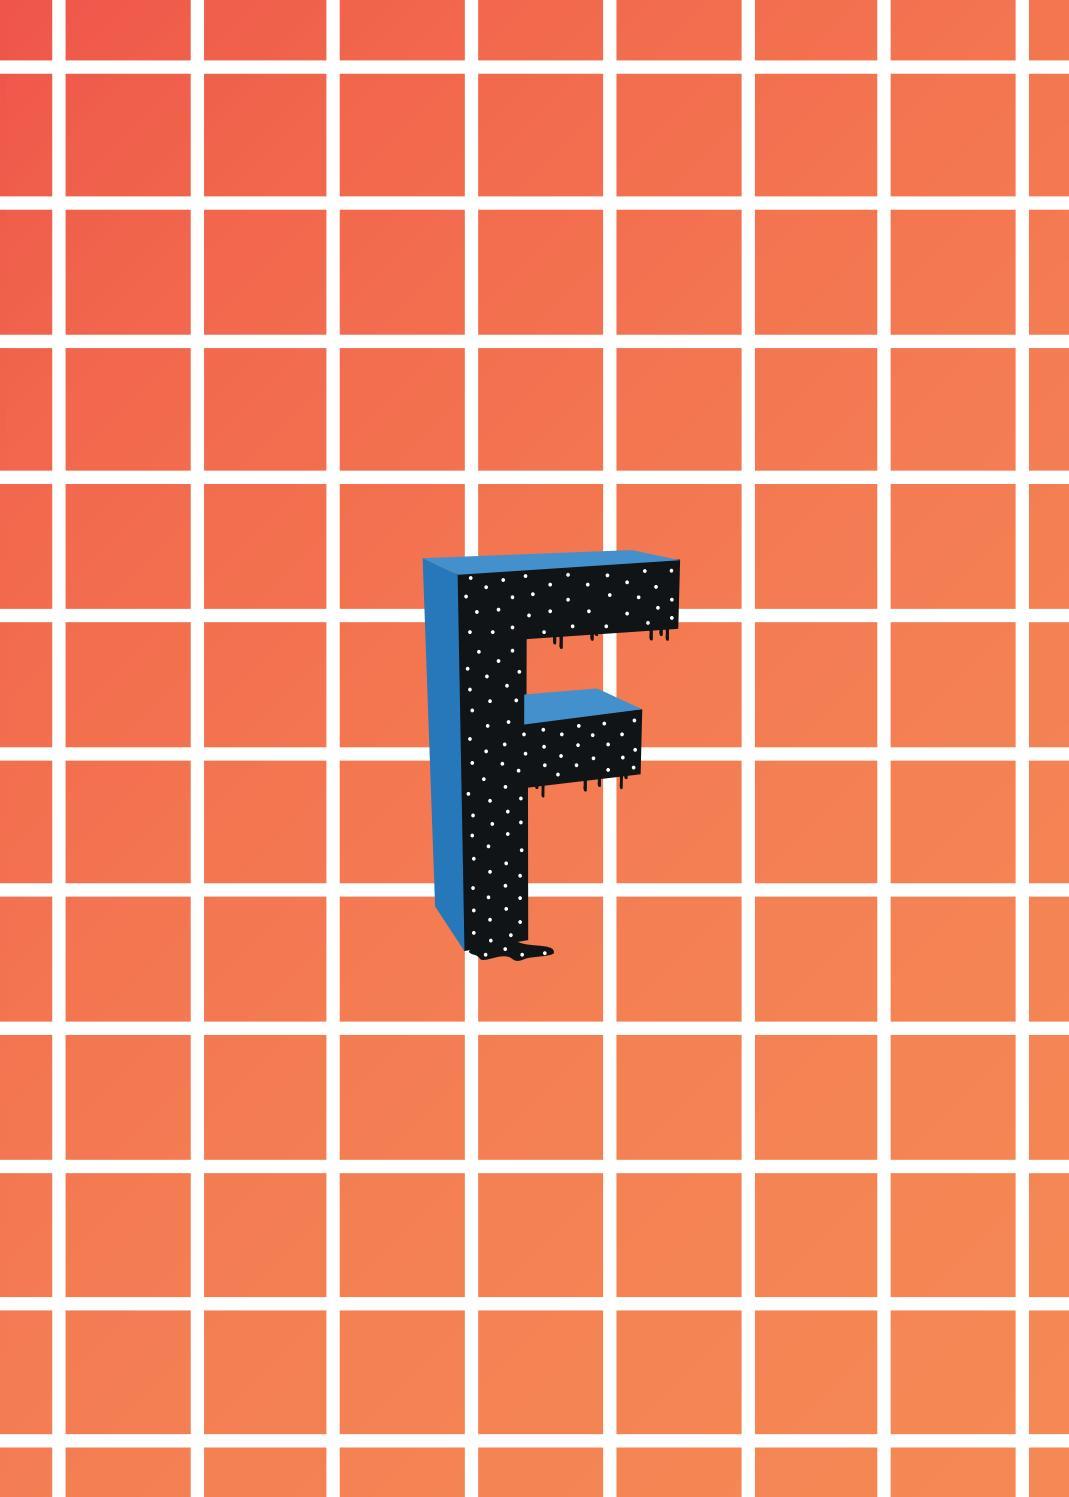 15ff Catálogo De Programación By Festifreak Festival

--

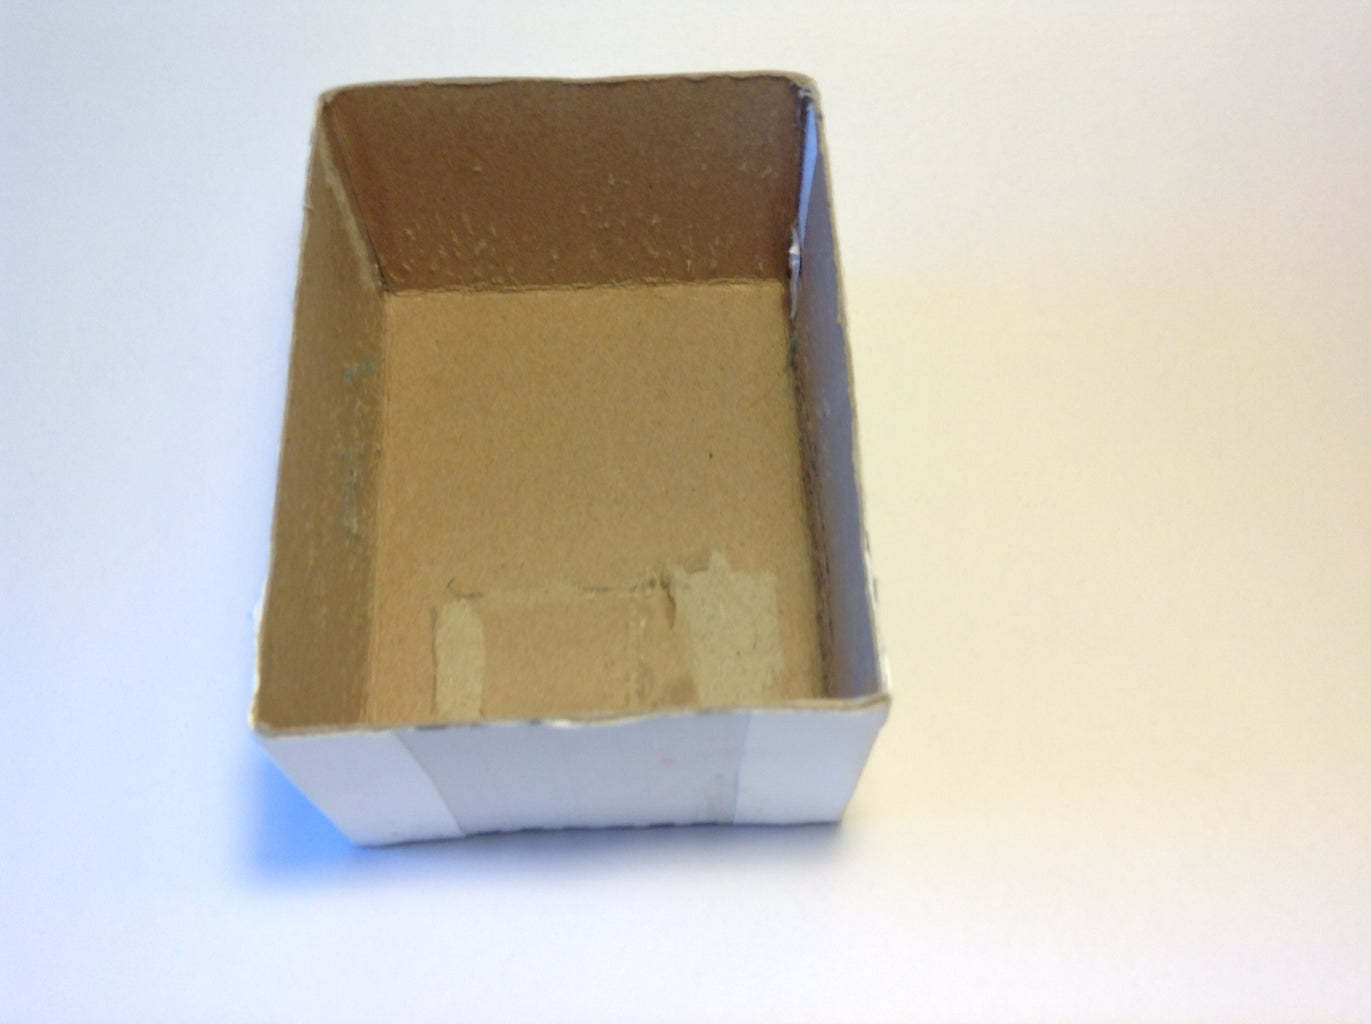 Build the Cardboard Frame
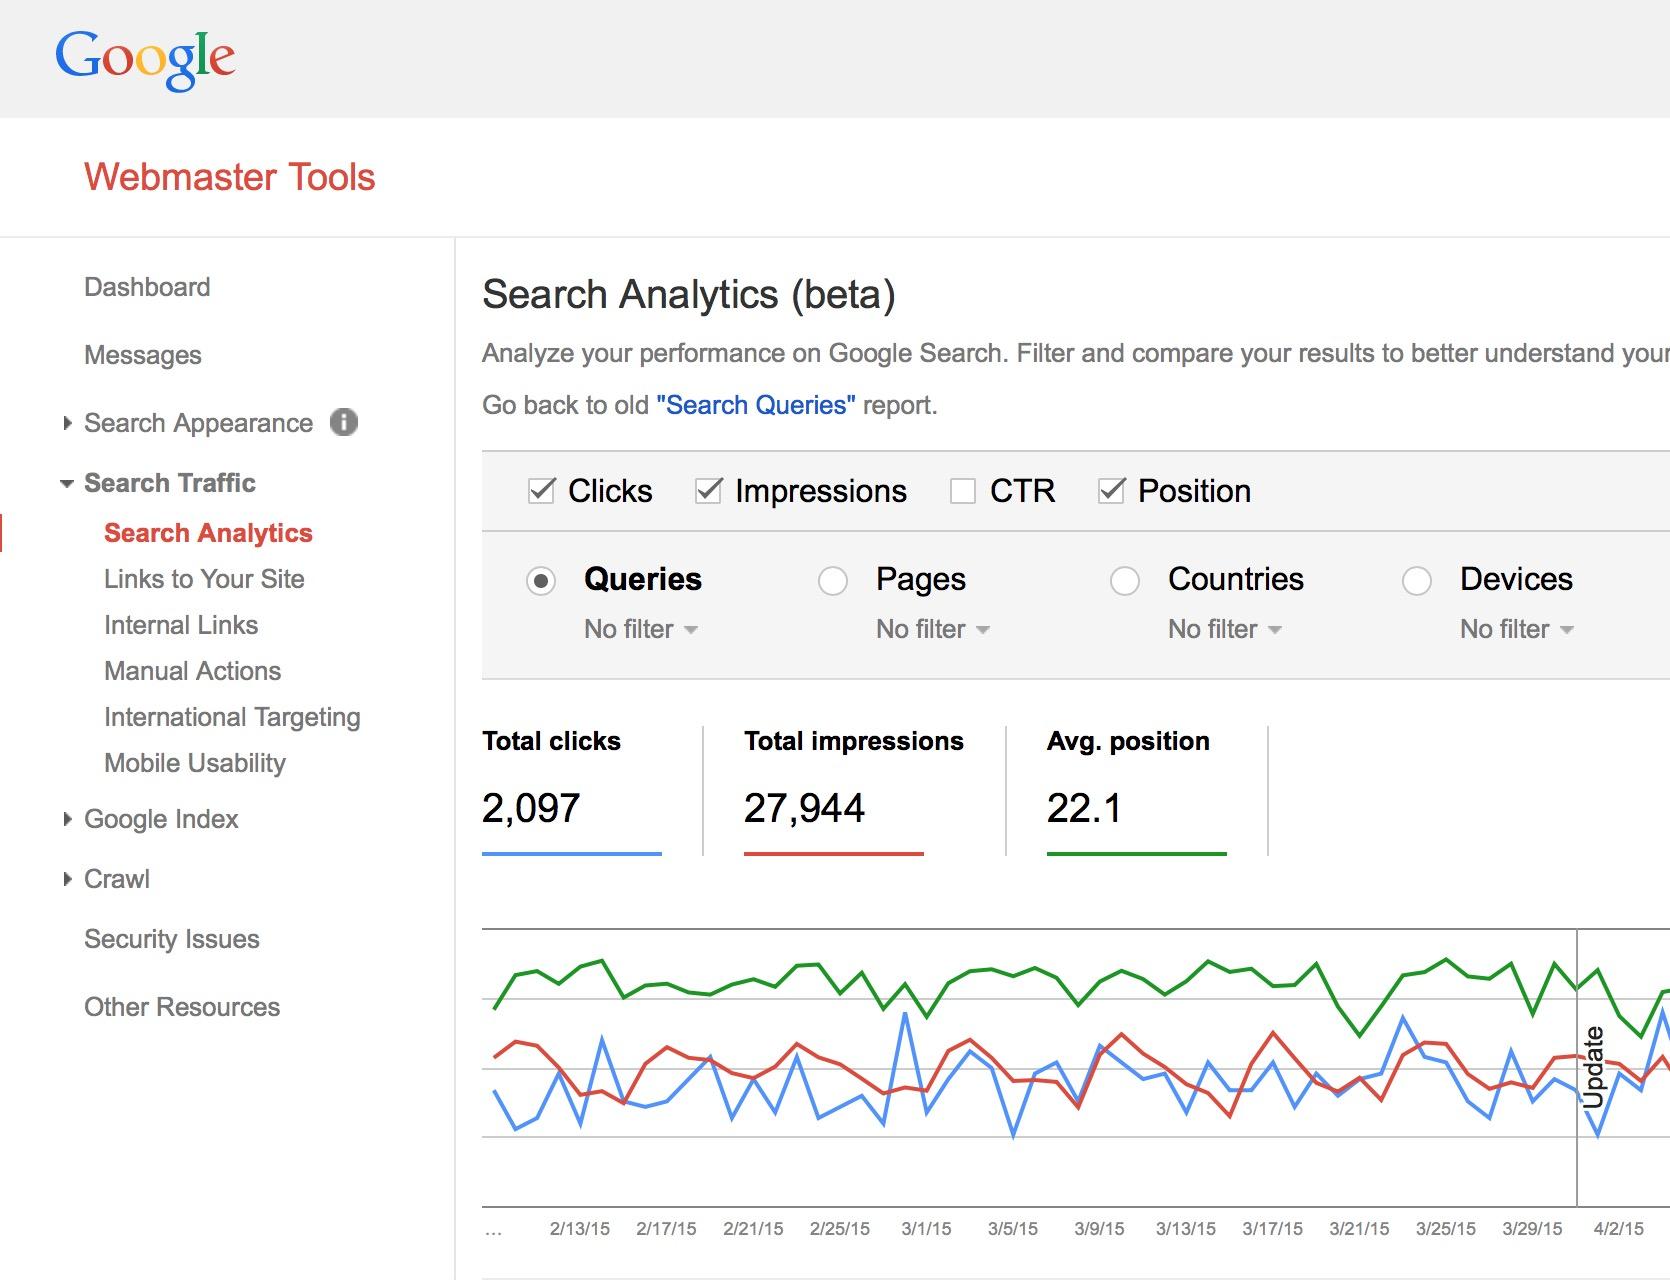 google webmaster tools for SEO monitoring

...

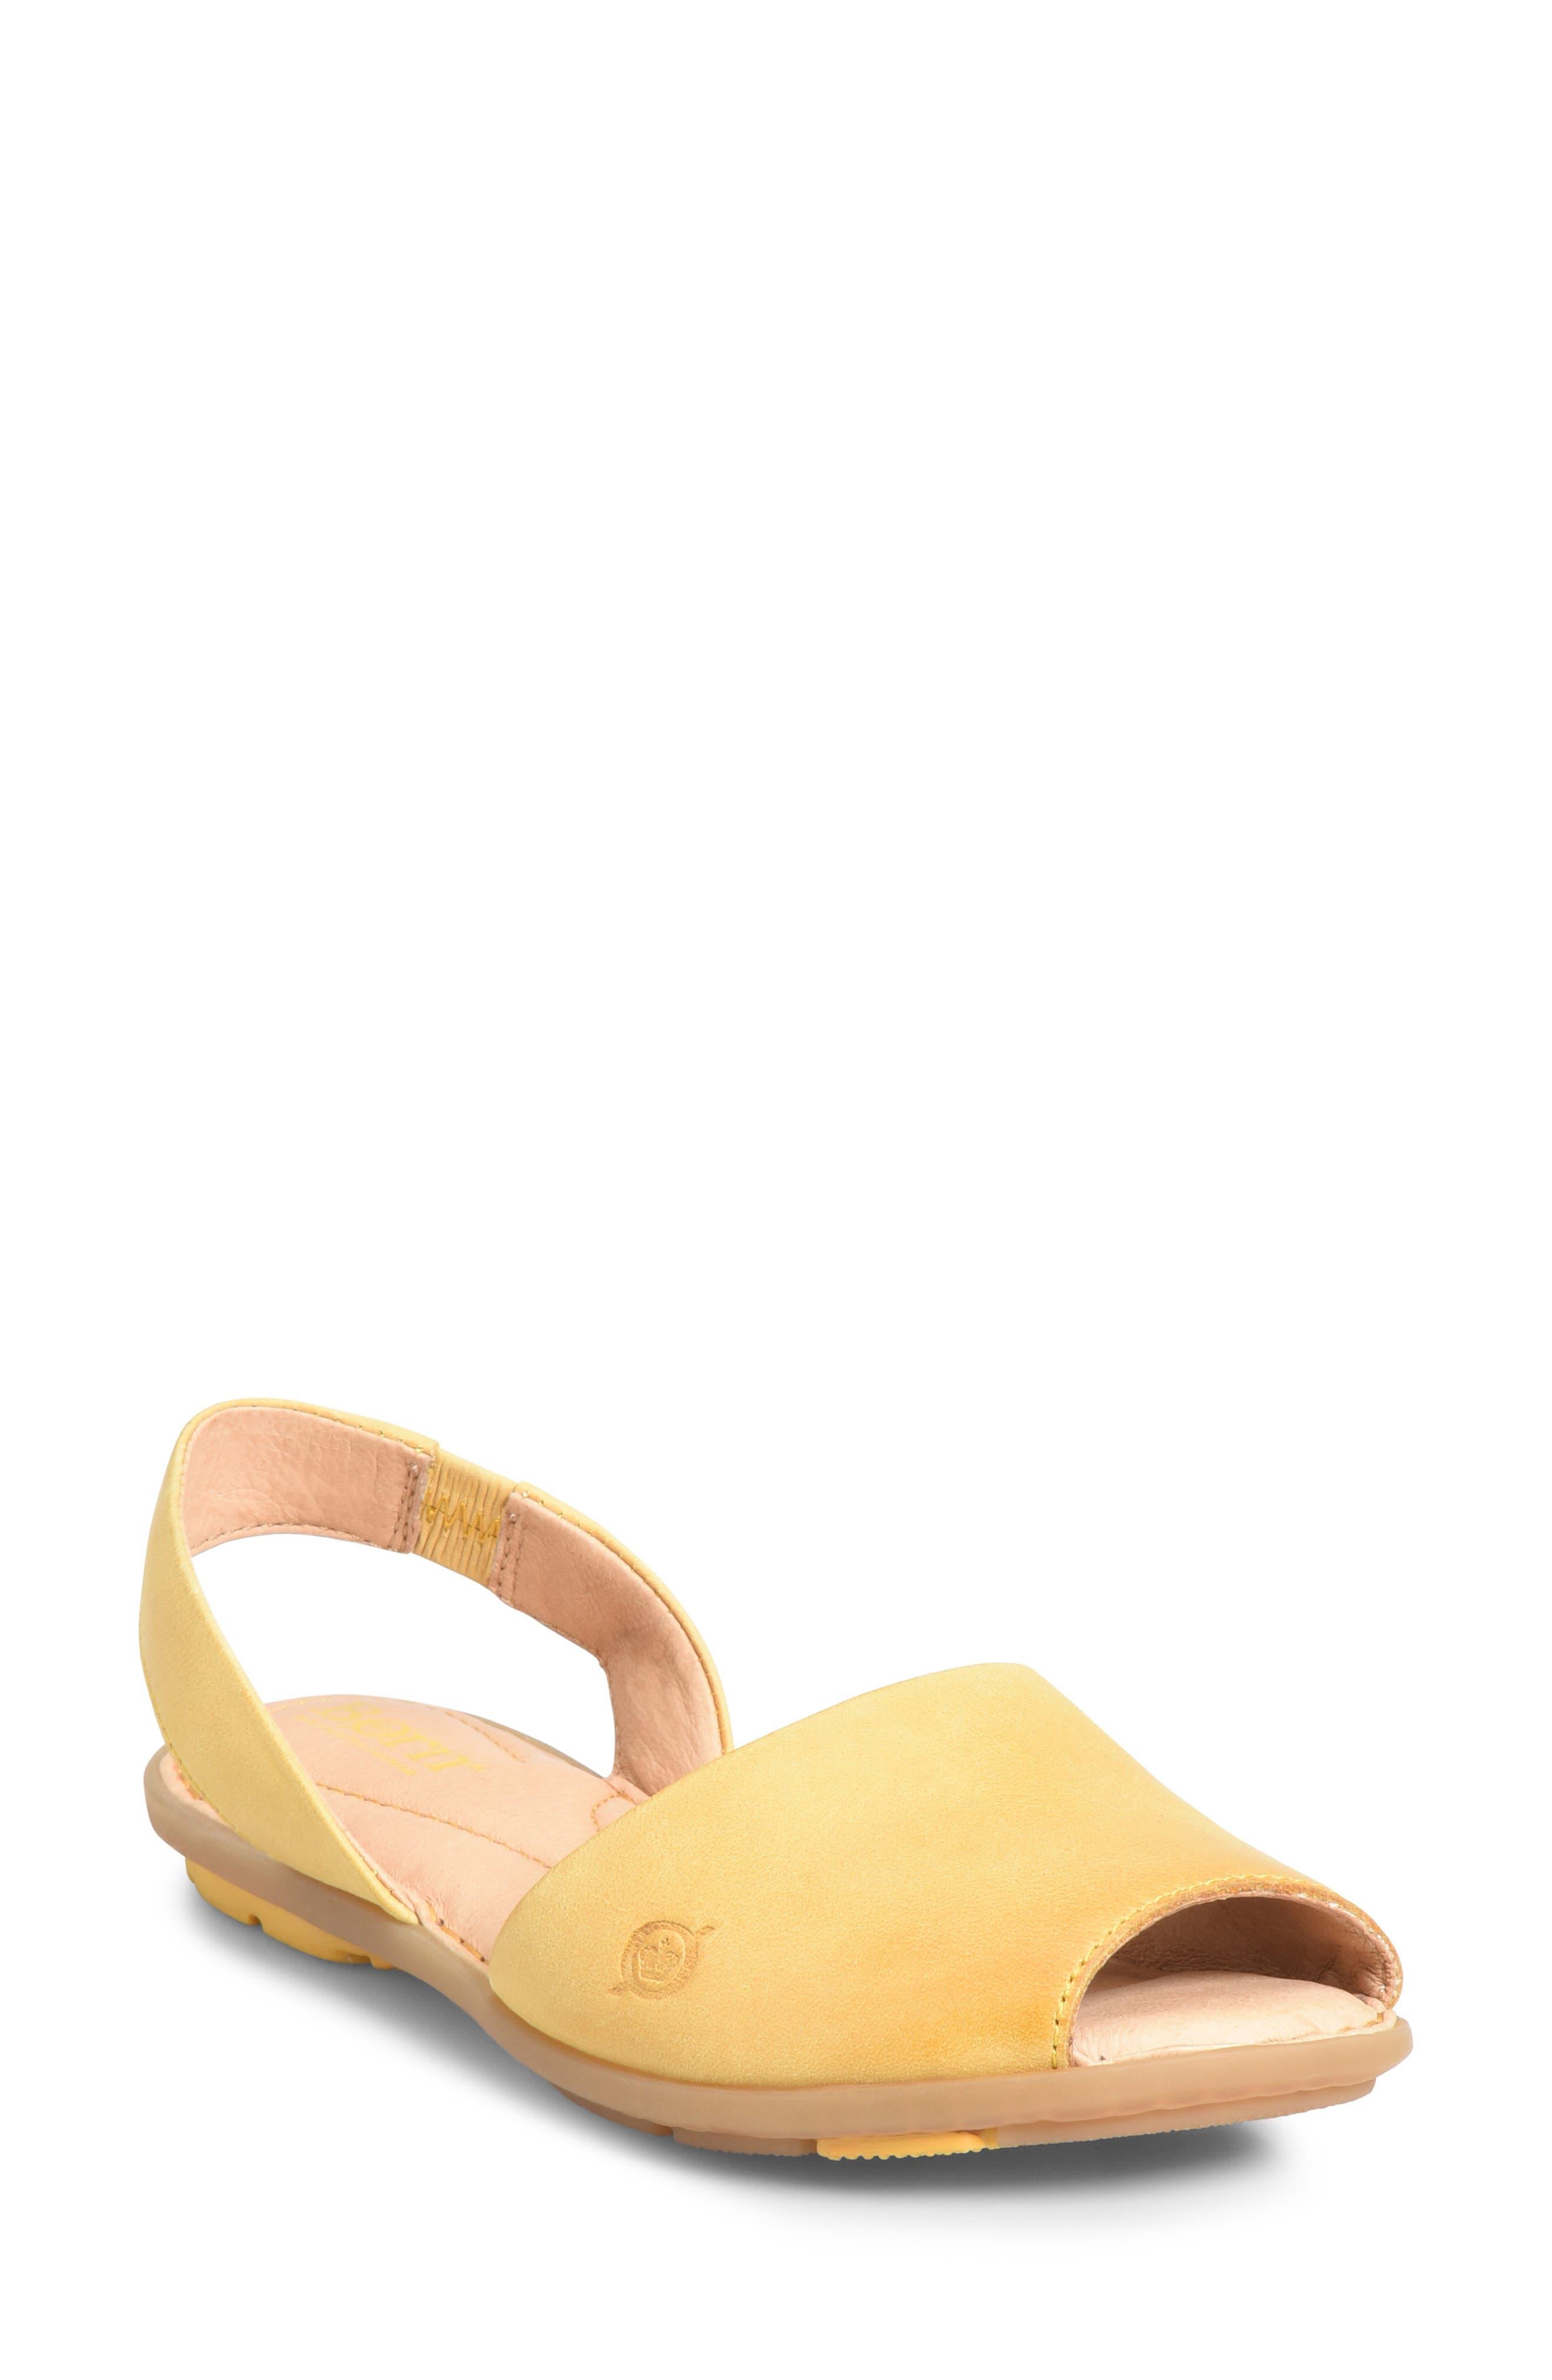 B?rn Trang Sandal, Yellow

Task to complete — Begin at the line in the entries above that has "Build the Cardboard Frame", stop after the line that has "google webmaster tools for SEO monitoring", and output exactly those lines without pictures.

Expected answer —
 Build the Cardboard Frame
 google webmaster tools for SEO monitoring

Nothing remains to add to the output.